Many defectors are motivated by their children. “They say, ‘I am not going to let my son or daughter live in this system and be constrained all their lives,” Park noted. It is such children who provide Park his greatest job satisfaction: “Being able to meet children at the point of freedom – and some I meet again when they are grown up – that’s just amazing.”

The right choice
Park, whose work for LINK includes publicizing North Korean issues, suggests the wider world has tunnel vision toward the nation. “For so long, the lens through which we see North Korea has been the Kims and their nukes, but North Korea is not just a security problem,” he said. “Exclusively focusing on the security paradigm plays to the worst tendencies of the North Korean system. It needs a more wholistic approach.”

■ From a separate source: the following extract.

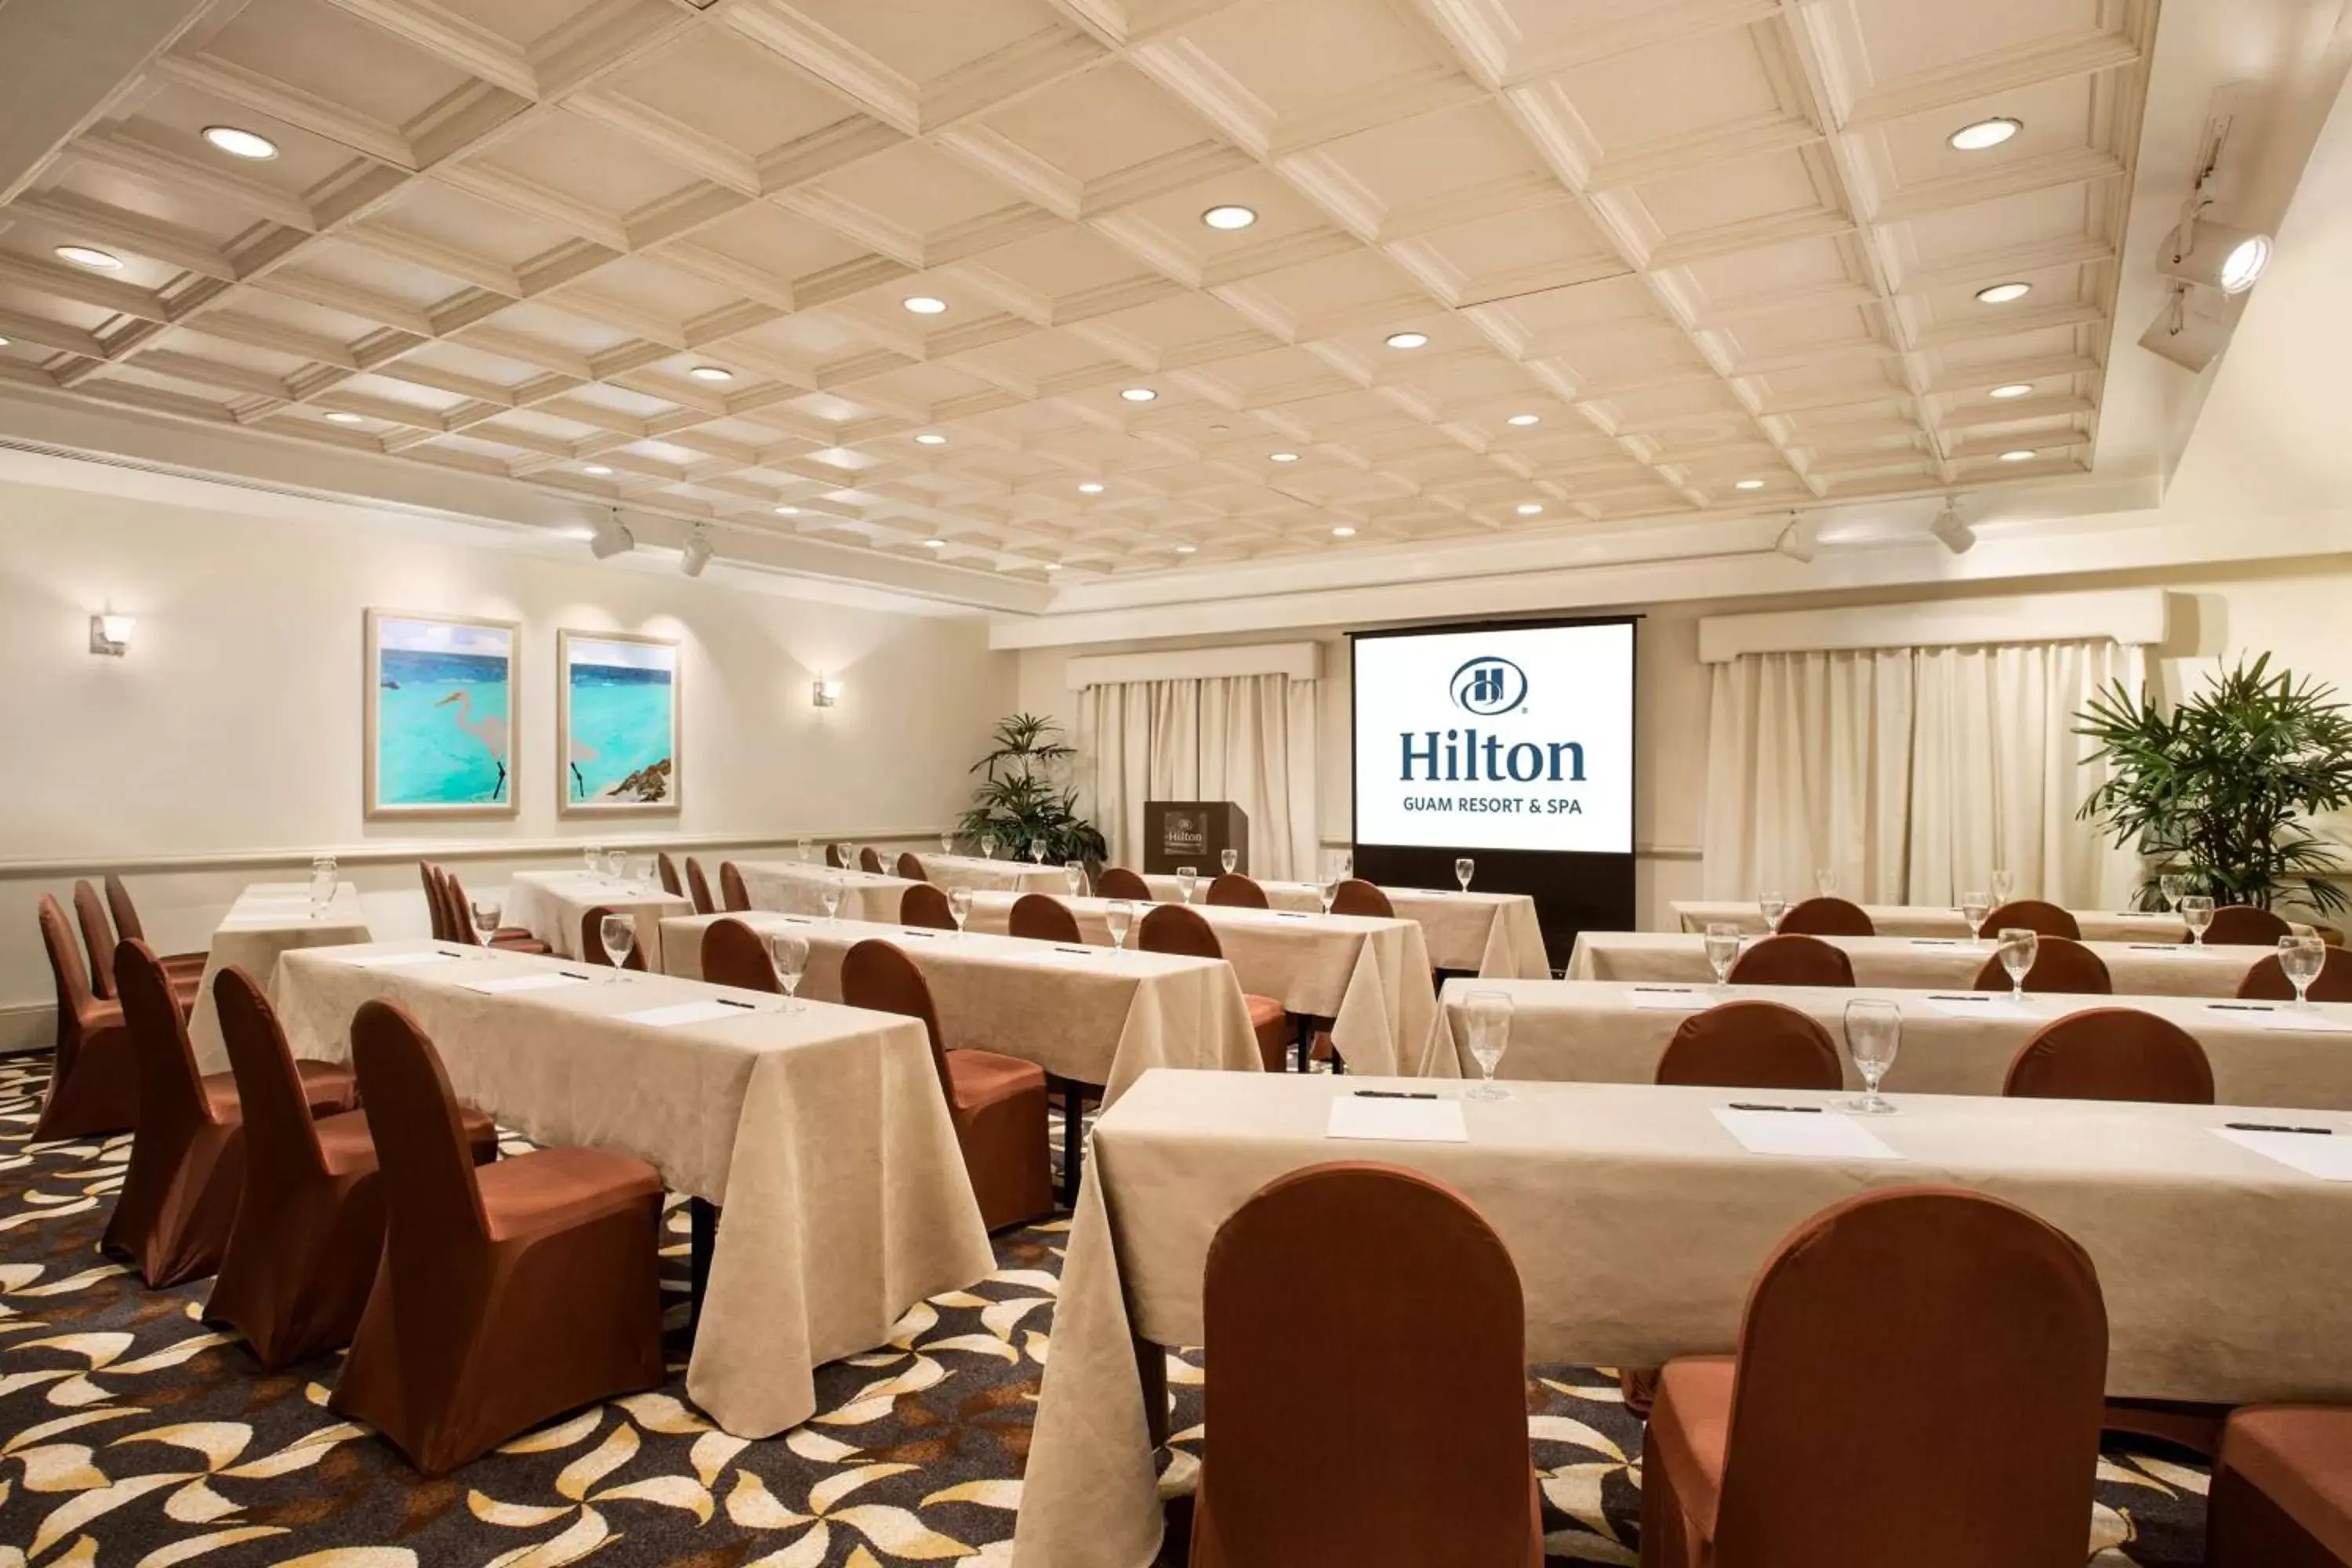 Meeting/conference room in Hilton Guam Resort & Spa
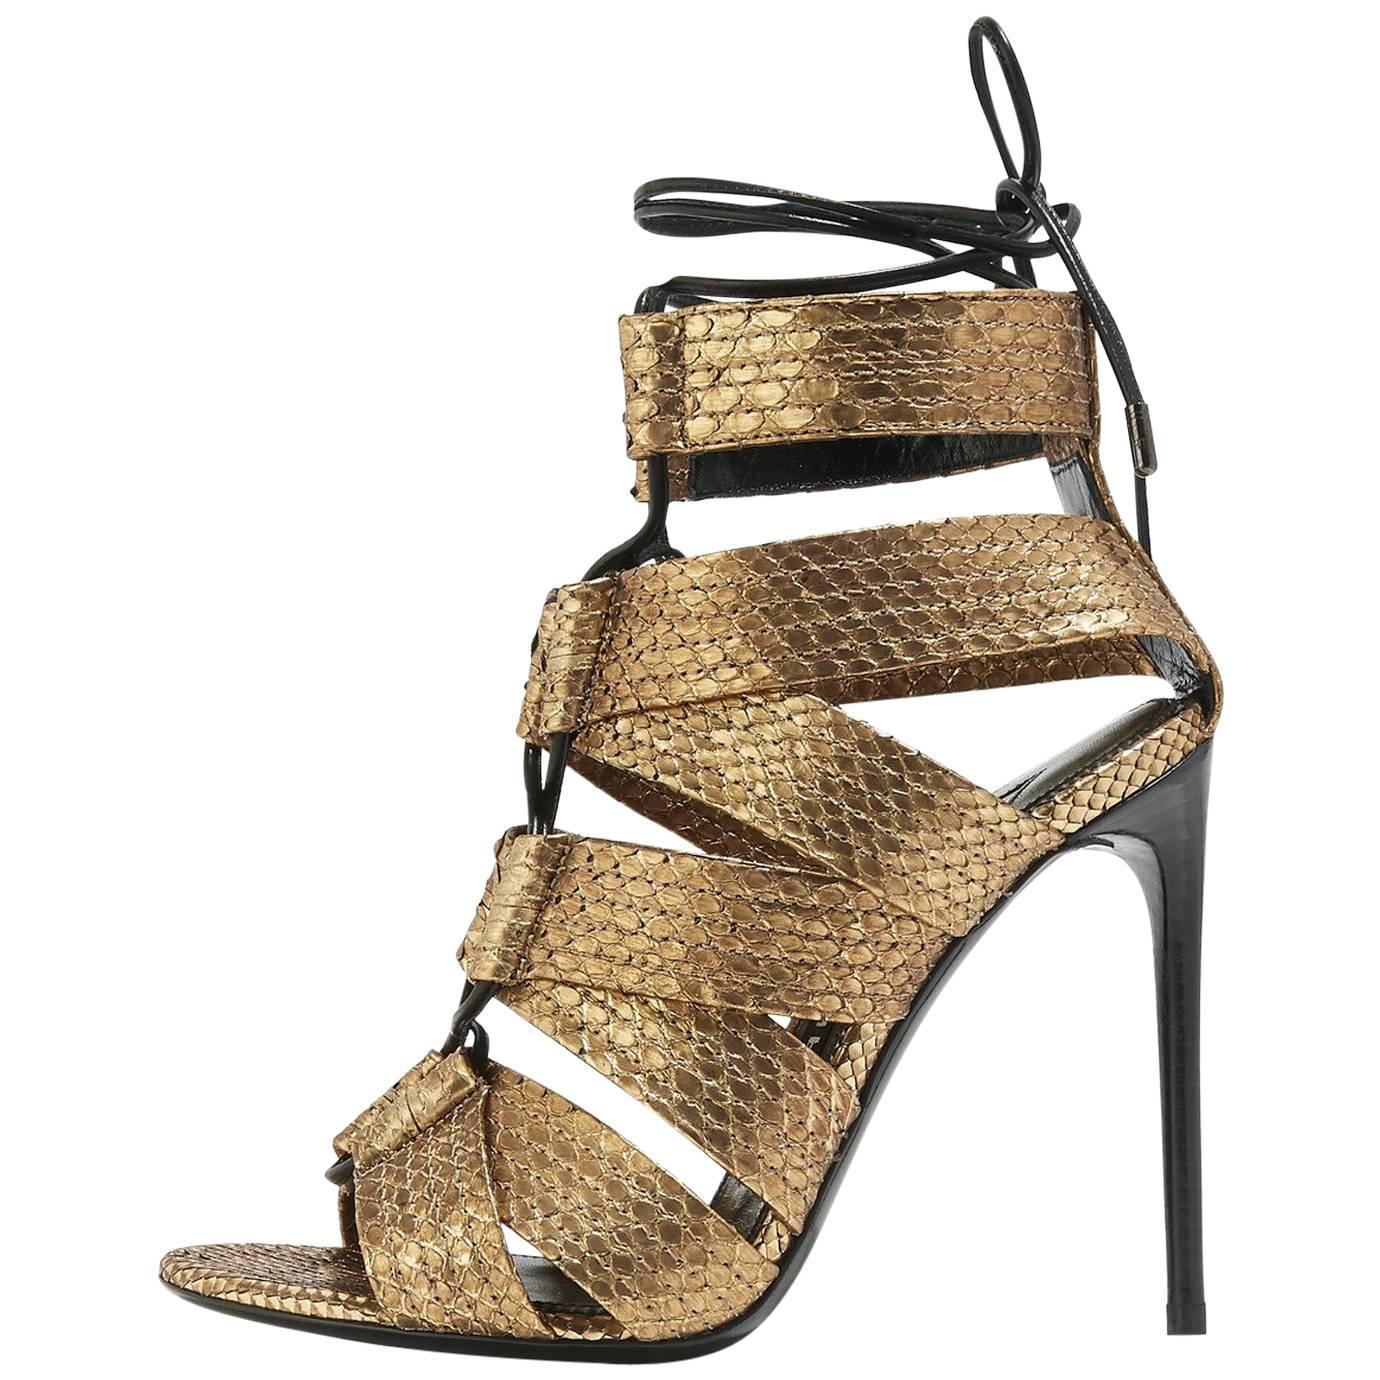 Tom Ford New Sold Out Bronze Snakeskin Cut Out Evening Sandals Heels in Box

Part of that approach is recognition of change – largely in terms of the marketization of the economy, which has been underway since the late 1990s. “It is not a question of, ‘Is change possible?’ change has already left the station,” Park said.  “The North Korean government is navigating through these changes and I think the role of the international community and civic society is to try and accelerate change and opening.”

North Korean defectors are players in this process, Park says, given that they maintain contacts in the North, so act as channels of information and interchange.

Sources familiar with Park’s work reckon Buckingham Palace made a sound decision in awarding him.
“In a world where shady bankers and second-rate pop stars get knighthoods, someone doing what Sokeel is doing, which is genuinely helping people and sacrificing himself – as he could make a whole lot more money doing something else – it is hard to imagine someone more deserving,” said Daniel Tudor, co-author of “North Korean Confidential.” “It is hard to say anything about Anglo-Koreans as a group, so hopefully it will give them more visibility and contribute, as the MBE says, to ‘furthering Anglo-Korean relations.’”

Park himself has a sense of humility. “It makes me think of those toiling away for North Koreans who are necessarily working in secret and don’t get the recognition – and can’t.” As a “lad from Manchester” who has been “recognized by the establishment,” Park sees his award as “kind of surreal.”

One man’s reaction was more emotional – Park’s father, who had lost his wife to a heart attack in 2016. “Dad cried a lot, he used up a whole toilet roll [to wipe away his tears],” Park recalled.  “He said, ‘Your mother would have been so proud’.”